Tata Motors Ltd. v. The State Of Jharkhand

MANU/JH/0144/2020

19.03.2020

Sales Tax/VAT

When State action is not within competence of State Legislature, present Court has to strike down the action of State Legislature, which was beyond its legislative competence

In the present writ application, the challenge is to the vires of Section 9 (5) of the Jharkhand Value Added Tax Act, 2005, ('JVAT Act'), which was subsequently brought, by way of amendment, made in the year 2011. Retrospective effect given to this provision with effect from 1st April, 2010, is also under challenge in the present writ application.

Learned counsel for the Petitioner Company, challenging the legislative competence of the State Legislature, in bringing Section 9(5) in the JVAT Act, has submitted that under Entry 54 of List-II of Seventh Schedule of the Constitution of India, the State Legislature is empowered to make law, for levying taxes on the sale or purchase of goods, other than newspapers, subject to the provisions of Entry 92 A of List I, but the State Legislature is not empowered to make any addition in the list of taxable sales or purchase as given under Article 366(29A) of the Constitution of India, so as to treat any transaction as sale or purchase by a deeming fiction, which actually was not a sale or purchase.

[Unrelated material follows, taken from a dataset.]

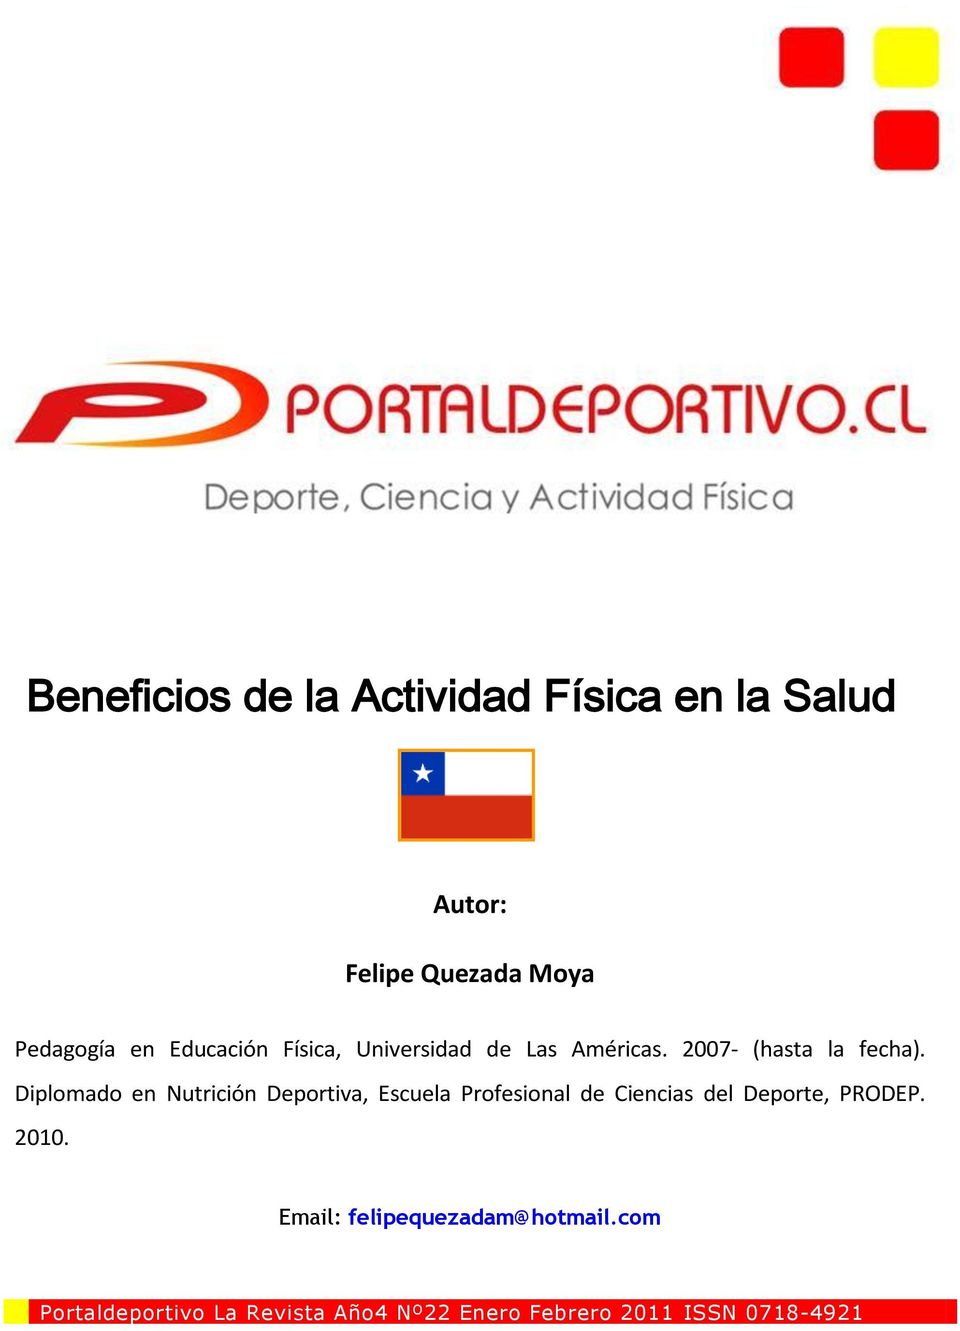 Diplomado en Nutrición Deportiva, Escuela Profesional de Ciencias del Deporte, PRODEP.

The law is well settled in this regard right from State of Madras Vs. Gannon Dunkerley & Co., (Madras) Ltd., in the year 1959, Bharat Sanchar Nigam Ltd. & Anr. Vs. Union of India & Ors., and State of Rajasthan and Anr. Vs. Rajasthan Chemists Association, in the year 2006, wherein the Hon'ble Apex Court concluded that, in order to levy tax on sale, the transactions must fall within any of the clauses of Article 366 (29A) of the Constitution of India, or within the meaning of the Sales of Goods Act, 1930 for the purpose of levy of sales tax. In absence thereof, the Provincial Legislature cannot, in the purported exercise of its power to levy tax on sales or purchases of goods, tax even such transactions, which are not sales or purchases, by merely enacting that they shall be deemed to be sales or purchases by the dealers.

In the present case, the State Government has exceeded its legislative competence and has in that effort, treated the trade discounts / incentives as taxable transactions, treating them to be sale by a deeming fiction by bringing sub-Section (5) in Section 9 of the JVAT Act, and has thus sought to make such transactions taxable, which are in addition to the transactions described under Article 366(29A) of the Constitution of India, which the State Government could not do, and admittedly, prior to bringing of Section 9(5) of the JVAT Act, into the Statute Book, such transactions were never being subjected to tax under the JVAT Act. In fact, Explanation III of Section 2(xlviii) of the JVAT Act, defining 'Sale price', clearly states that sale price shall not include the cash discount, if shown separately, and allowed by the dealer in the ordinary course of trade practice. In spite of the fact that JVAT Act is no more in force, after coming into force of the GST regime, but the fact remains that the transactions, during the JVAT regime, are claimed to be taxed after the amendment made in the year 2011, which were not subjected to any tax, prior to the amendment of the JVAT Act in the year 2011.

By bringing Section 9(5) in the JVAT Act into the Statute Book, the dealers have been put to a disadvantageous position, which was not there, prior to the amendment made in the year 2011, and this putting the dealers into a disadvantageous position was not within the legislative competence of the State Legislature. No doubt, had this amendment in the JVAT Act been within the legislative competence of the State Legislature, there was no scope of any interference therein by this Court. But this is a clear case where the State Legislature was not having the legislative competence to give the expression "sale of goods" an extended meaning and to enlarge its legislative field to cover those transactions for taxing, which did not properly conform to the elements of sale of goods within the Sales of goods Act, or under Article 366(29A) of the Constitution of India, and were not satisfying the four conditions of sale, as given in State of Madras Vs. Gannon Dunkerley & Co., (Madras) Ltd.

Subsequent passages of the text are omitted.